はじめに
以前、6月16日付けの記事で、2025年上半期における日本市場の活況について言及しました。その中で、サンリオ(8136)や、ビットコインの保有・運用を手掛けるメタプラネット(3350)が一時的に全市場の売買代金トップを記録した事例をご紹介しました。これらの現象は、近年の金融市場における取引の変化を象徴しています。
参考記事:「サンリオ」「メタプラネット」が全市場で売買代金トップに それぞれの要因とは
近年の市場を席巻しているのは、AIを活用したアルゴリズム取引の急速な拡大です。コンピュータプログラムが株価や出来高などの市場データを基に、事前に設定されたルールに従い自動で売買注文を執行するこの取引方法は、人間には難しい高速取引を得意としています。現在、東京証券取引所の売買の約8割をアルゴリズム取引が占めるといわれており、その進化が前述のサンリオやメタプラネットが全市場の売買代金トップになった背景にあると感じています。

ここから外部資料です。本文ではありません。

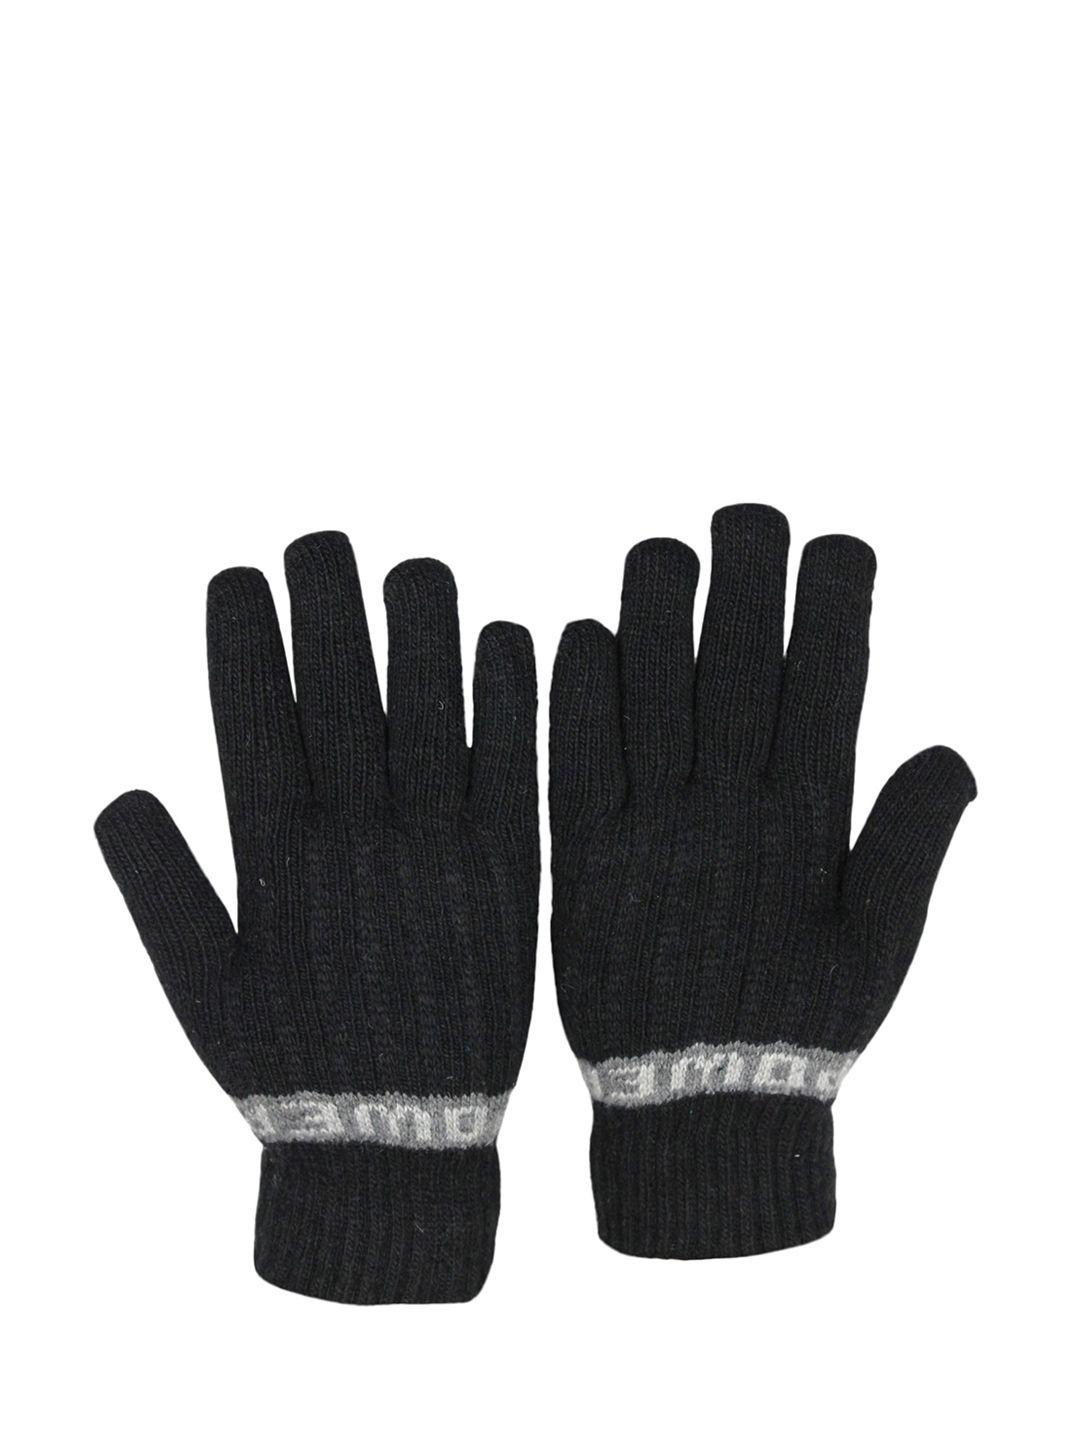 baesd men striped full finger woolen winter gloves

ソフトバンクグループの売買代金急増を支える2つの要因
先週、また一つ、驚きの出来事がありました。ソフトバンクグループ(9984)が2025年10月22日、過去最高となる売買代金1兆0332億円を叩き出しました。これは同日のプライム市場全体の売買代金の実に16.9%を占める規模です。
では、なぜソフトバンクグループが、過去最高の売買代金を記録するにいたったのでしょうか。その要因は、主に以下の2点にあると考えます。
1. OpenAIを巡る期待値の急騰
一つ目の要因は、ソフトバンクグループが傘下の投資ファンドを通じて出資を行うOpenAIの企業価値の増大です。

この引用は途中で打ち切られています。